Chuck.Phillips@FtCollins.NCR.COM (Chuck.Phillips) (09/14/90)
>>>>> On 9 Sep 90 17:32:55 GMT, phorgan@cup.portal.com said: > The problem with disassembling arbitrary object code is that data > bears a disturbing resemblance to code at times:) Even when > running through code disassembling starting at known code, it's > not always possible to determine when code stops and data begins. > It is possible to reduce the problem with an algorithm that looks > ahead starting byte-by-byte and sees which one generates a most > successful string of instructions. Suggestion: Use a program that starts with the first executable instruction, marking and decoding as it goes every instruction except for conditional branches. Upon encountering a conditional branch, follow _both_ branches. If implemented recursively, the stop conditions are, 1) a branch to an already marked instruction and b) an end-of-program. Even this can fail if there is a conditional branch to garbage, which never happens in practice due to the underlying algorithm. > Even this fails in many cases of self modifying code... Ouch! Now you're stuck. > If you're familiar with coding practices for the processor though, > heuristic methods can be applied with some success. ...and no guarantees. Cheers, Chuck Phillips MS440 NCR Microelectronics Chuck.Phillips%FtCollins.NCR.com 2001 Danfield Ct. Ft. Collins, CO. 80525 uunet!ncrlnk!ncr-mpd!bach!chuckp -- Send compilers articles to compilers@esegue.segue.boston.ma.us {ima | spdcc | world}!esegue. Meta-mail to compilers-request@esegue.

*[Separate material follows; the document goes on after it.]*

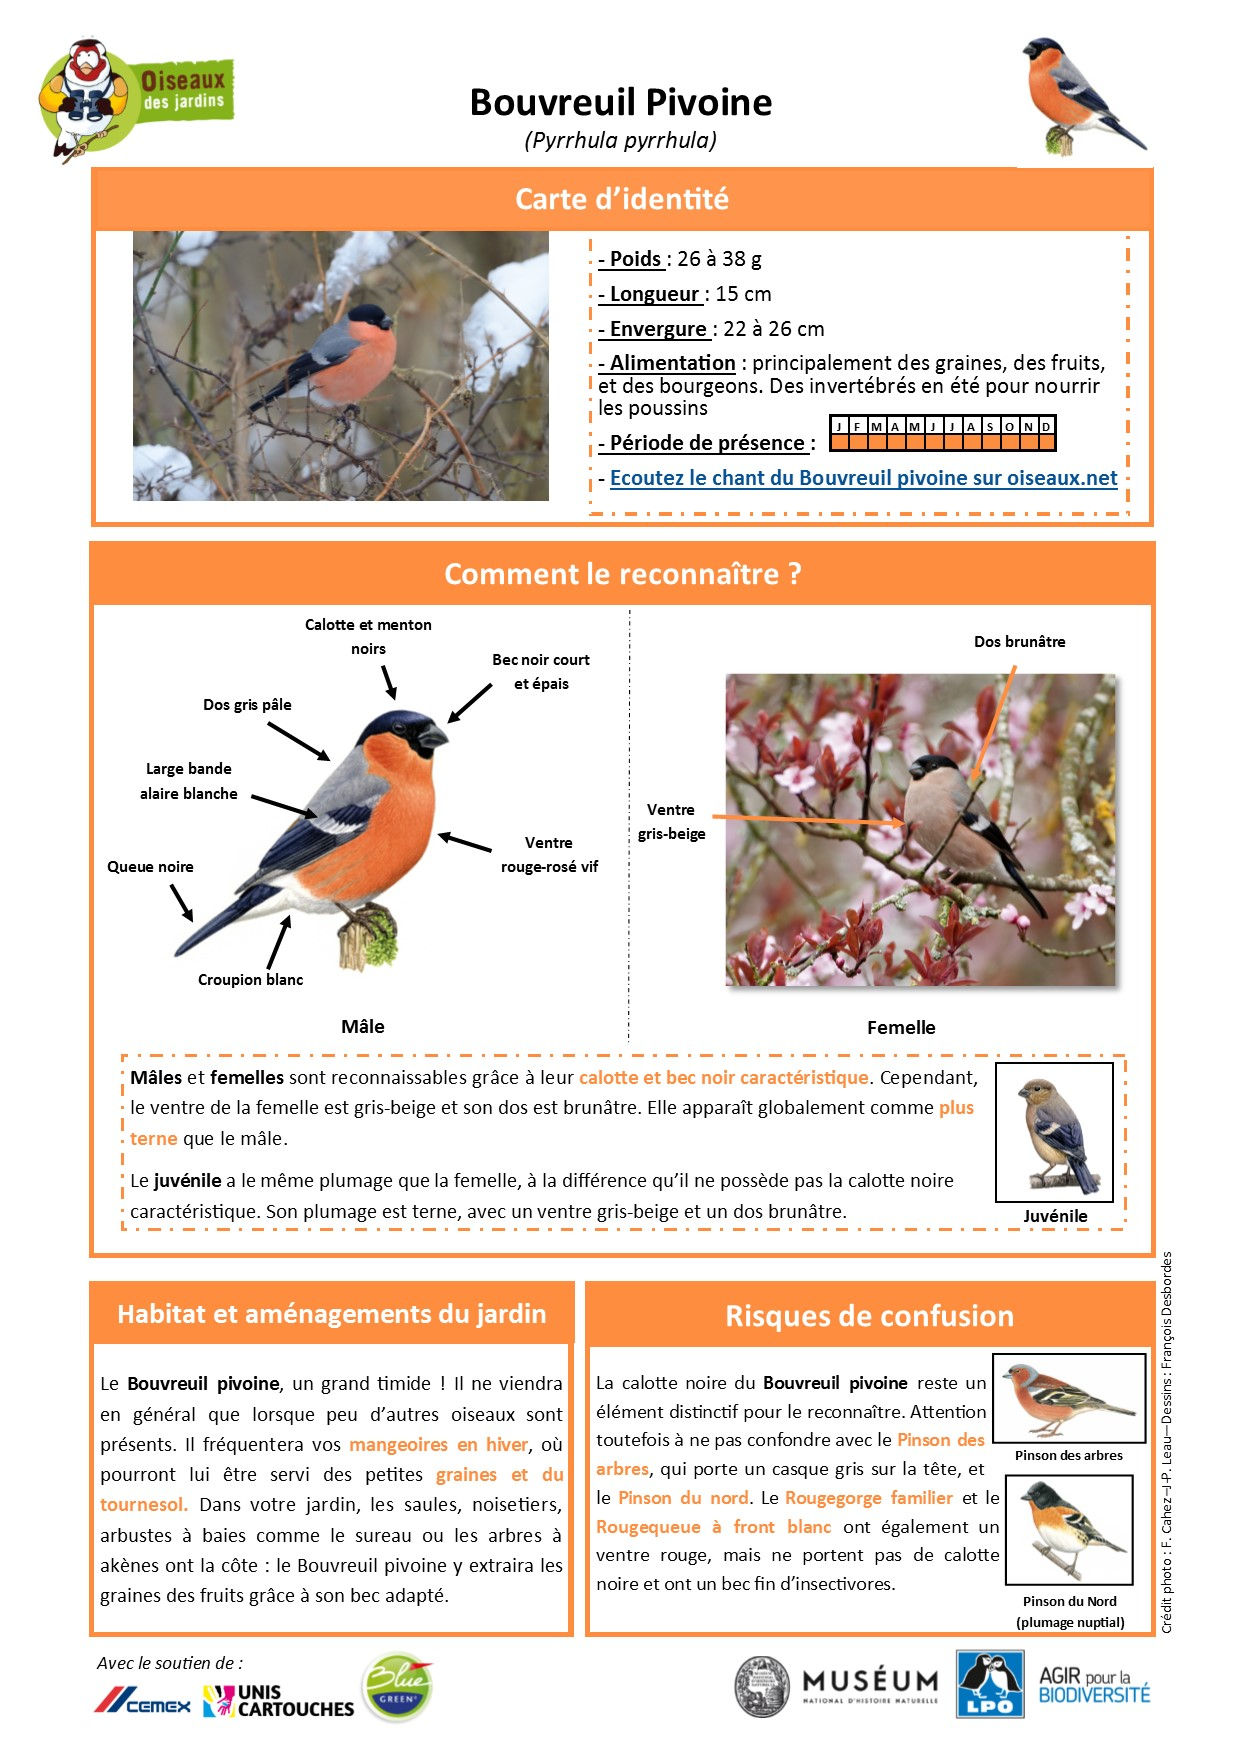 https://cdnfiles2.biolovision.net/www.oiseauxdesjardins.fr/userfiles/Fichesespces/FicheespceBP.pdf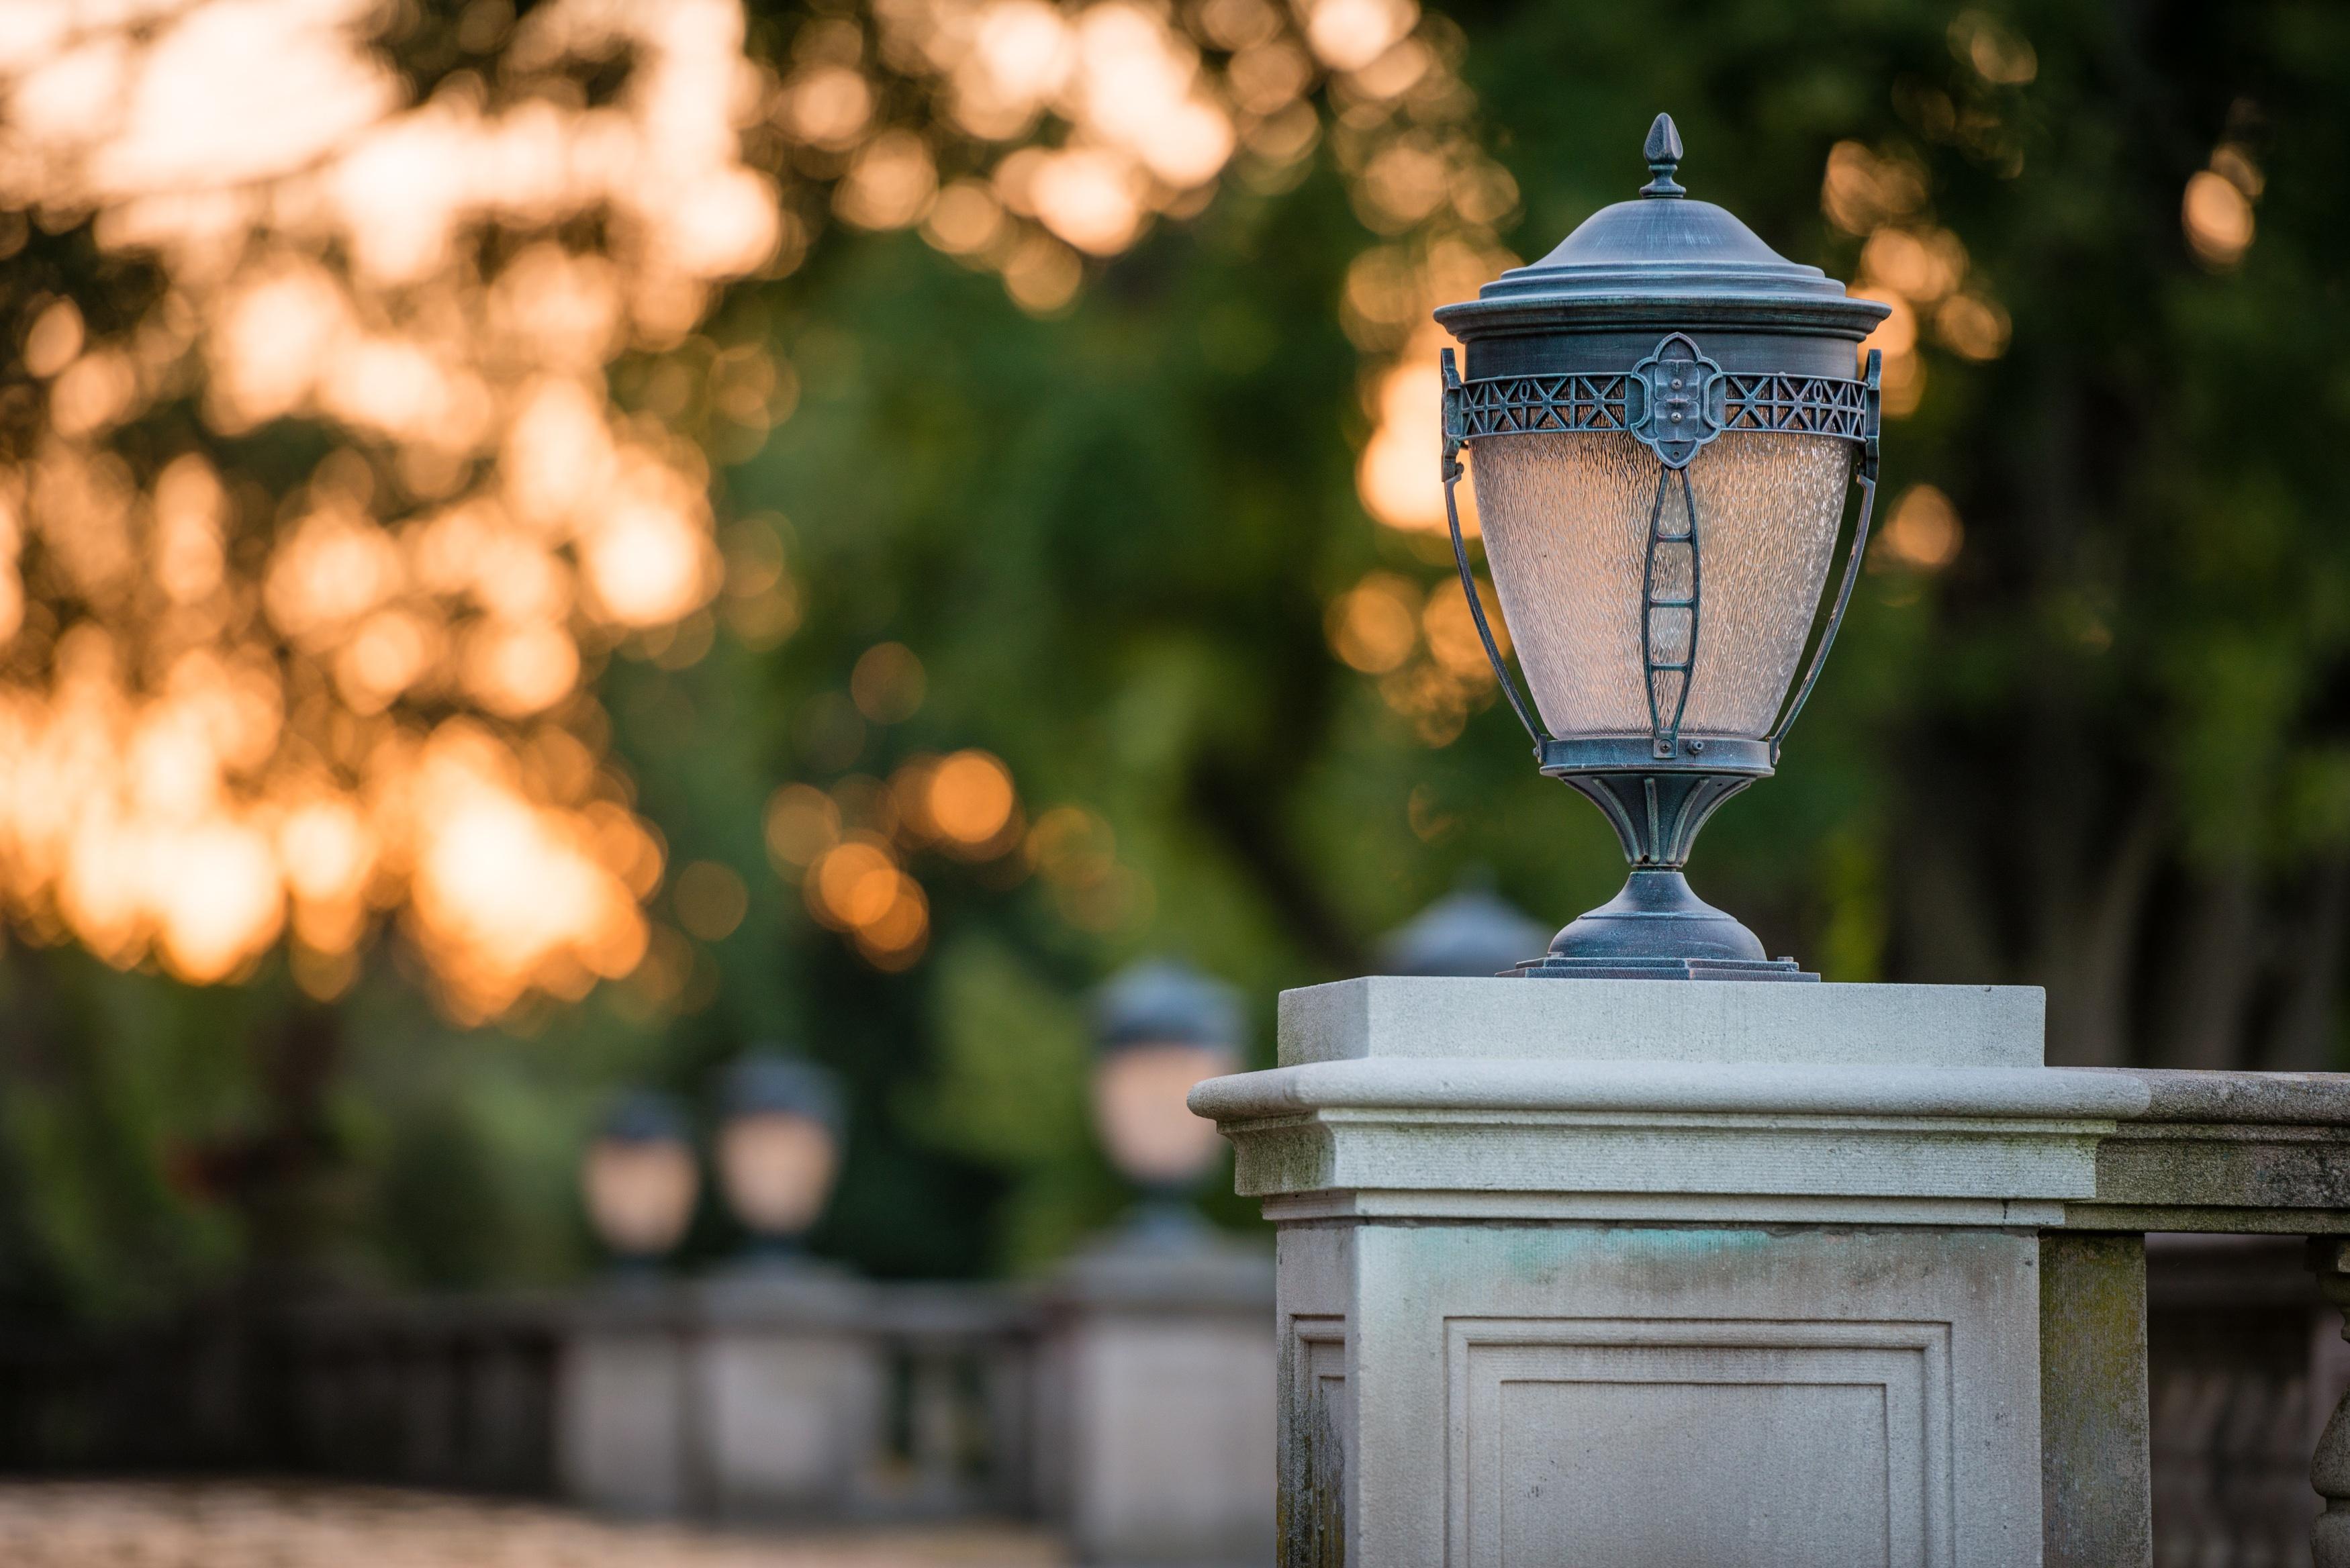 Картинки фонари на улицах в парках

mason@uunet.UU.NET (Dave Mason) (09/16/90)
In article <9009091032.1.139@cup.portal.com> phorgan@cup.portal.com writes: >The problem with disassembling arbitrary object code is that data bears a >disturbing resemblance to code at times:) Even when running through code >disassembling starting at known code, it's not always possible to >determine when code stops and data begins. As others have said, you must walk the code graph to determine all possible code sections. What I've done several times is to have an auxiliary file that contains hints to the disassembler. This contains known addresses, useful names for same, and the class of object, e.g: ffd0 CONS_RCV word ffd2 CONS_STS byte d000 START code d123 DISPTCH jump-table 16 d456 GETCHAR code d678 HELP_MSG ascii So you run the disassembler against the input and this file, then examine the output, discover more about the program, fill in more labels, and iterate. This can produce a pretty good version of a program. Particularly useful for ROMs. -- Send compilers articles to compilers@esegue.segue.boston.ma.us {ima | spdcc | world}!esegue. Meta-mail to compilers-request@esegue.
albaugh@dms.UUCP (Mike Albaugh) (09/18/90)
>From article <CHUCK.PHILLIPS.90Sep14170558@halley.FtCollins.NCR.COM>, by Chuck.Phillips@FtCollins.NCR.COM (Chuck.Phillips): > > Suggestion: > > Use a program that starts with the first executable instruction, marking > and decoding as it goes every instruction except for conditional branches. > Upon encountering a conditional branch, follow _both_ branches. If > implemented recursively, the stop conditions are, 1) a branch to an already > marked instruction and b) an end-of-program. Even _I_ have re-invented this particular wheel, although I use a more-or-less-human-readable "state file" to convey "marks", so I can guide it "between runs" as to new avenues to explore (e.g. mark as "a new entry" all the targets of what _I_ can see is a jump-table). > Even this can fail if there is a conditional branch to garbage, which > never happens in practice due to the underlying algorithm. Never say never. If one is disassembling 6502 code, this happens a LOT. For those unfamiliar with the 6502, it has _no_ unconditional branch, hence programmers often use a conditional branch where the condition is "known to be true." The simple cases are along the lines LDA #1 BNE foo ; ALWAYS TAKEN but there seems to be some sort of macho pride taken in establishing the condition via a _long_ chain of computation. Even in the source, this can be confusing. When reading raw machine code the problem of detecting entry into the chain of computation (without even labels to go by) that invalidates the assumptions can get, uh, very interesting. Oh, yeah, the short reach of these branches means that they often get used as "stepping stones", so even the one shown above _might_ fall through. Now it's my turn to say "but that wouldn't happen in in practice" :-) And while we're at it, do typical disassemblers just handle the documented instructions, or do they "simulate" the more commonly used "illegal instructions" that hackers seem to love? I would ordinarily assume that since this thread started with "de-compiling", we are _not_ interested in code that "a compiler would never generate", but... Mike | Mike Albaugh (albaugh@dms.UUCP || {...decwrl!pyramid!}weitek!dms!albaugh) | Atari Games Corp (Arcade Games, no relation to the makers of the ST) | 675 Sycamore Dr. Milpitas, CA 95035 voice: (408)434-1709 -- Send compilers articles to compilers@esegue.segue.boston.ma.us {ima | spdcc | world}!esegue. Meta-mail to compilers-request@esegue.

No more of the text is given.